Она ушла, осторожно притворив за собой дверь.
Немного погодя домой вернулся Игнат. Долго ни о чем не спрашивал, видно, ждал, когда Корнюха заговорит сам, наконец не вытерпел.
— Ну так что, договорились?
— Отвяжись от меня! Не досаждай! Корнюха отвернулся к стене.
День ото дня ему становилось лучше, но он по-прежнему валялся на постели, медленно перемалывая крошево мыслей.
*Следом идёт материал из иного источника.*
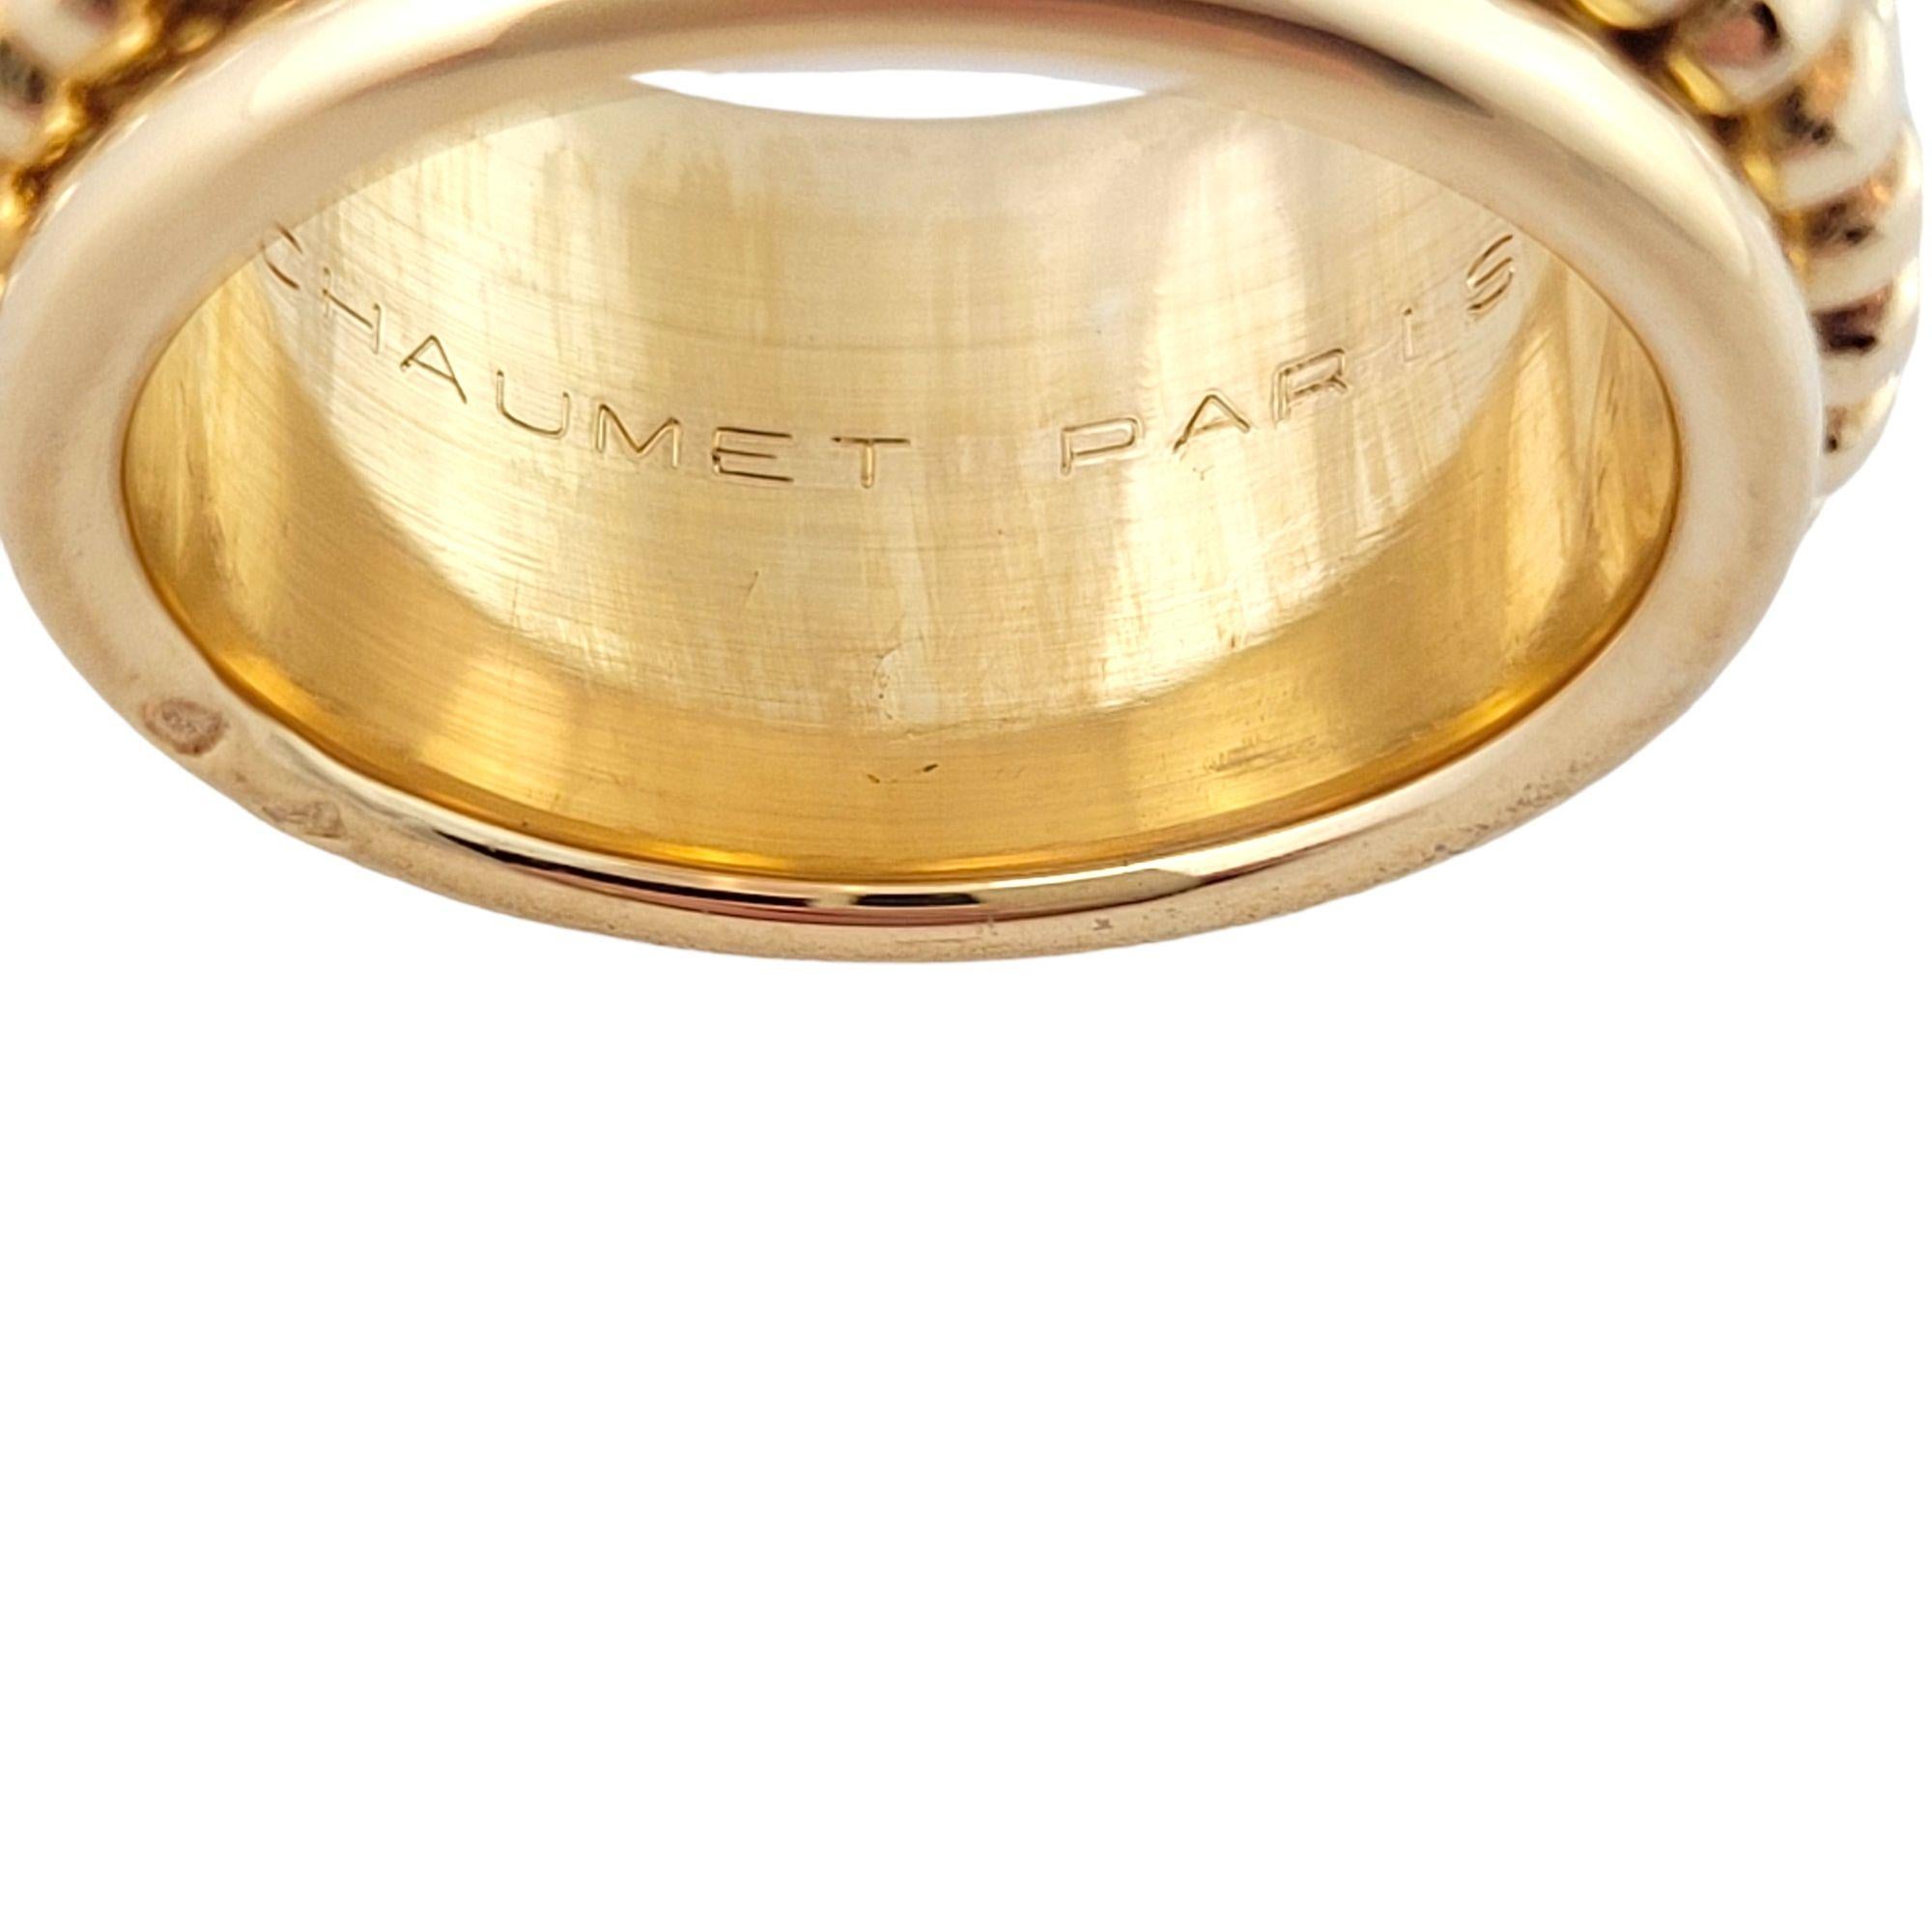 Women's Chaumet 18 Karat Yellow Gold Band Ring

Думать ему никто не мешал. Игнат уехал. Татьянка не лезла с разговорами, стеснялась его, а Максюха редко бывал дома. Младшему Корнюха немного завидовал. Жизнь у парня пошла ровным ходом, без рывков, но и без остановок. И Игната, и его, Корнюху, перепрыгнул, женился; с Татьянкой своей живет душа в душу, не ругаются, не спорят, все посмеиваются, подшучивают друг над другом и не бывает у них разговоров, что нет того, нет этого: всем довольны. Смотрит на них Корнюха и еще больнее становится от своей покинутости и бесприютности.
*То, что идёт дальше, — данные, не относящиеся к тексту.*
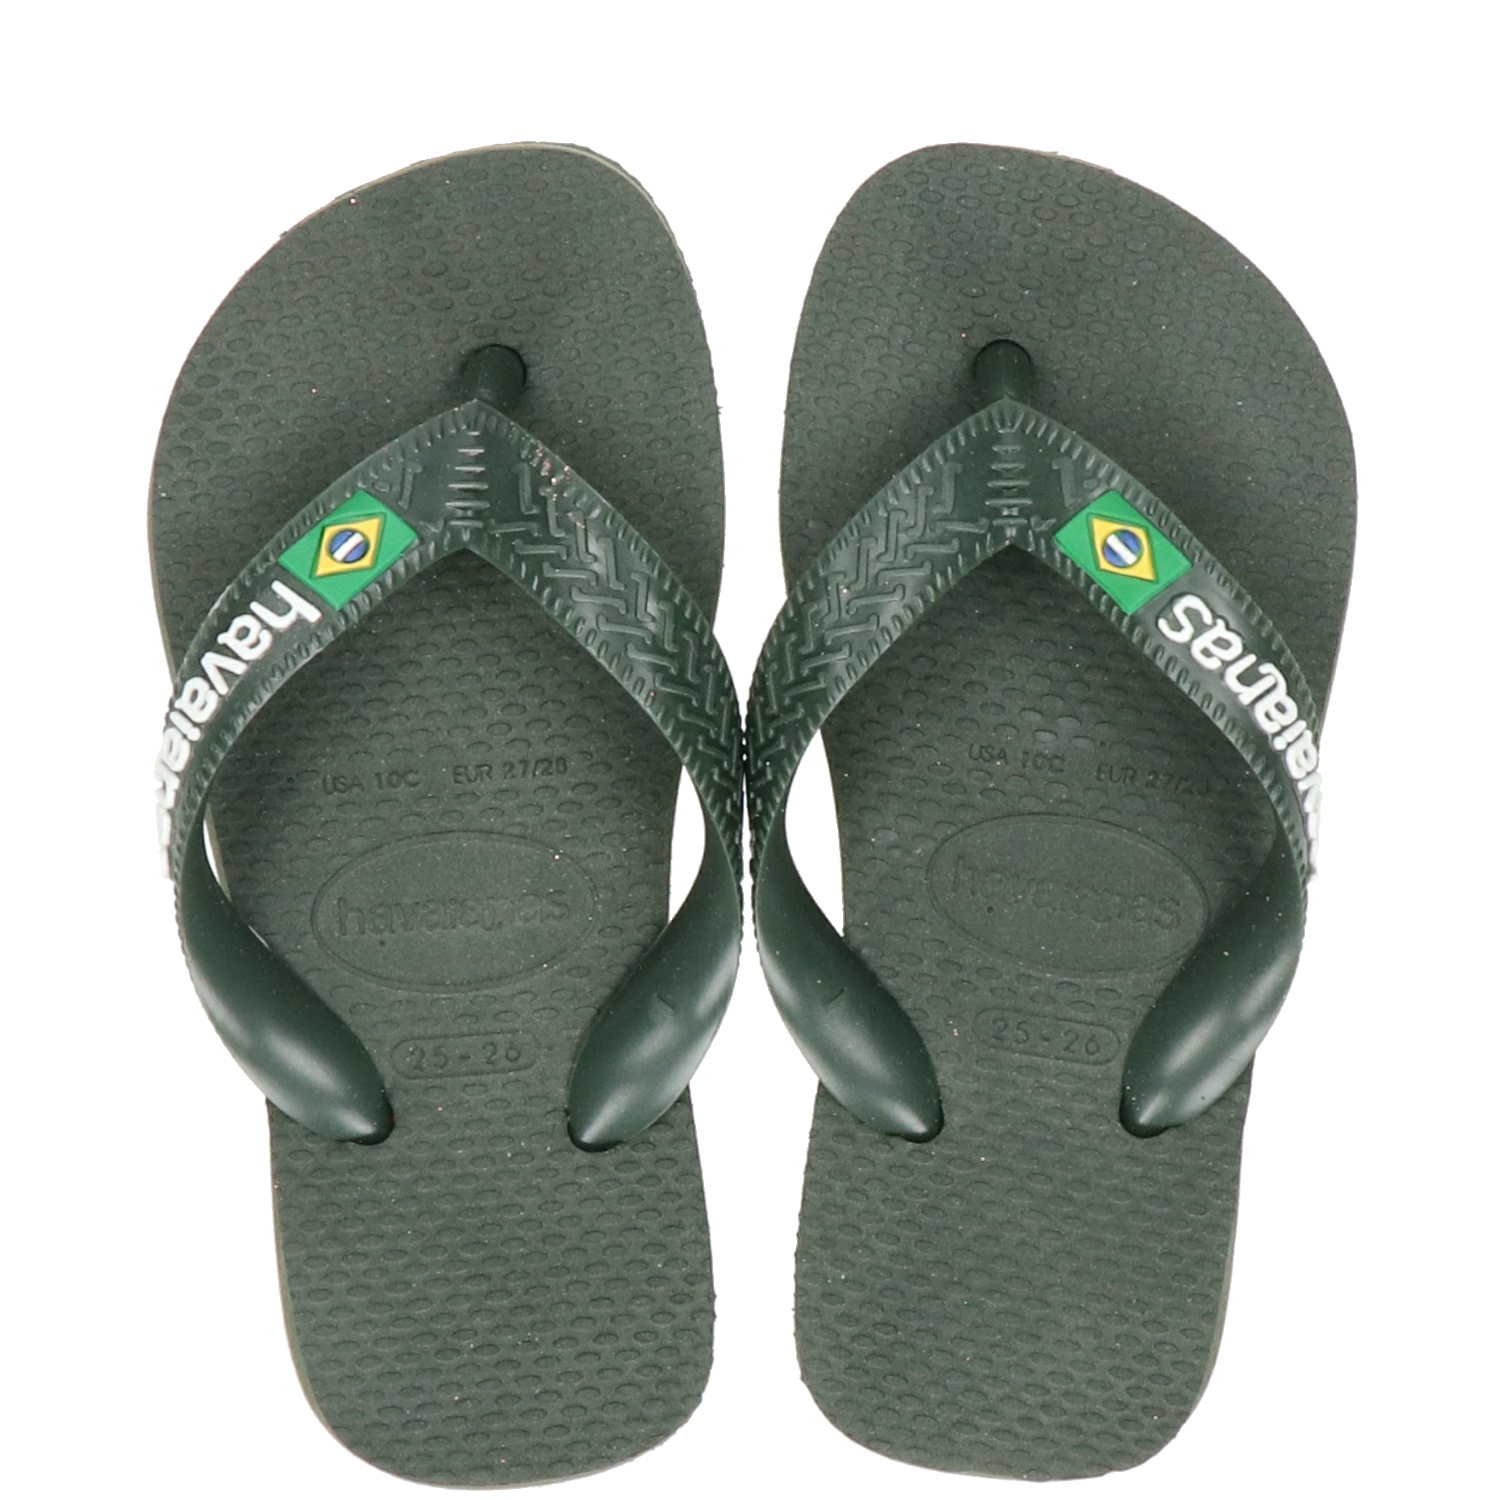 Havaianas Brasil slippers

С утра до поздней ночи Максюха и Лазурька толклись в сельсовете, ходили по дворам, сговаривая мужиков записываться в колхоз. Дело это подвигалось у них туго. Записывались пока те, у кого добра в одном мешке унести можно. Мужики покрепче выжидали. Макся и с ним завел было разговор о колхозе, но Корнюха сказал, что надо погодить, торопиться ему некуда.
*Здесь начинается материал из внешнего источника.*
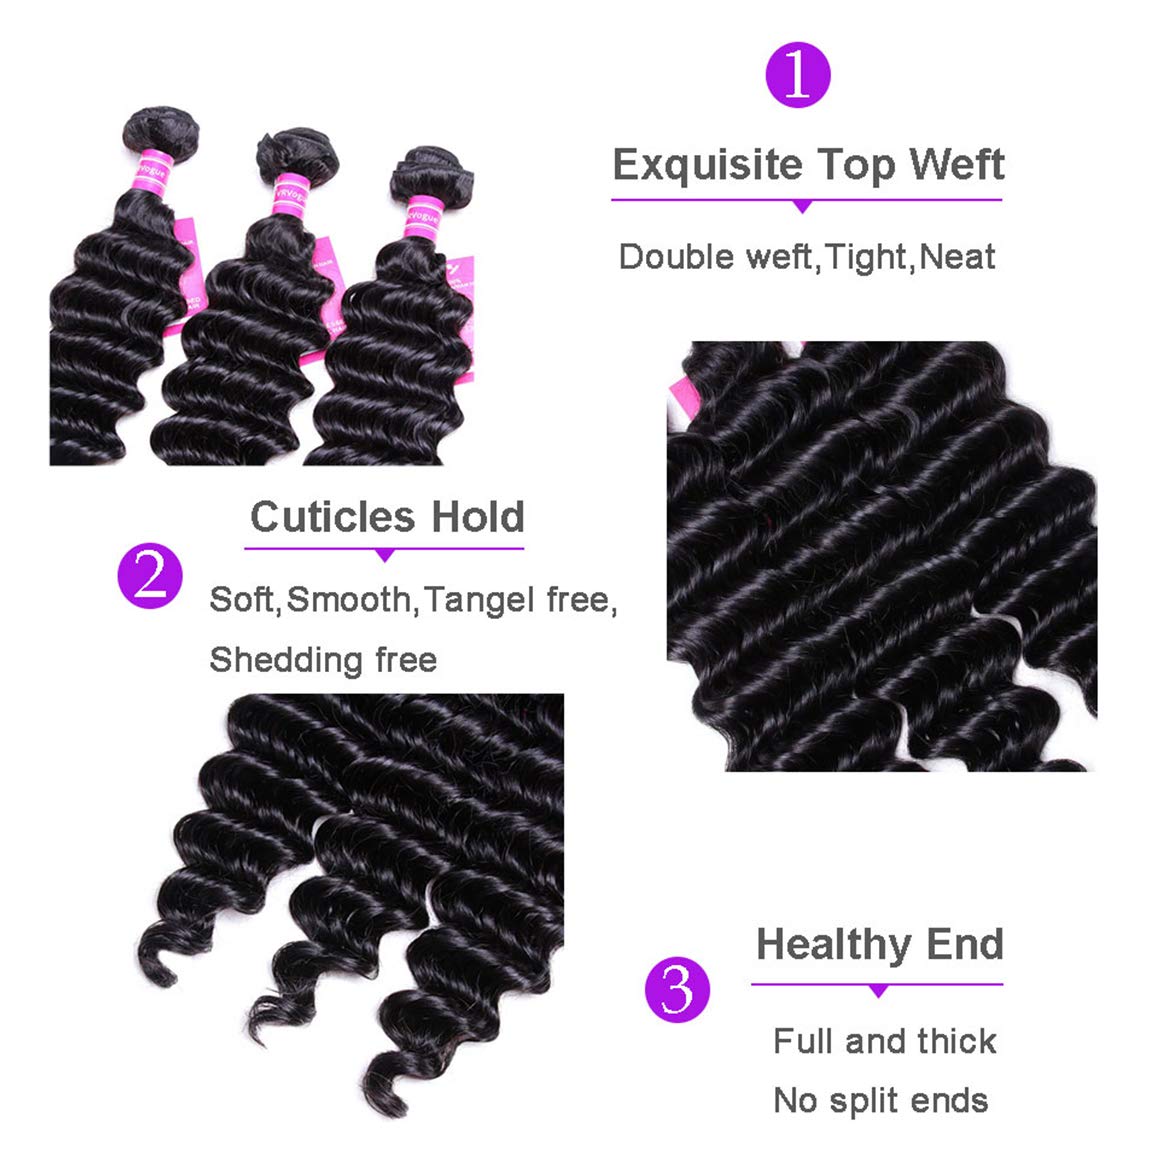 VRVOGUE (18" 20" 22 ) Deep Wave Brazilian Human Hair Bundles with Lace Closure 16 Inch Free Part 4x4 (Natural Black-330g/Lot-130% Density) 100% Unprocessed Virgin Brazilain Human Weave Hiar Extensions

Какой там колхоз, когда неизвестно, чем он будет заниматься.
Может, бросить все и уйти в город? Уйти подальше от этих мест, чтобы и звука из Тайшихи не доносилось. Однако решиться на этот шаг было не просто: разве может заменить казенная работа хлеборобство? Но что-то делать надо, всю жизнь лежать в постели не будешь.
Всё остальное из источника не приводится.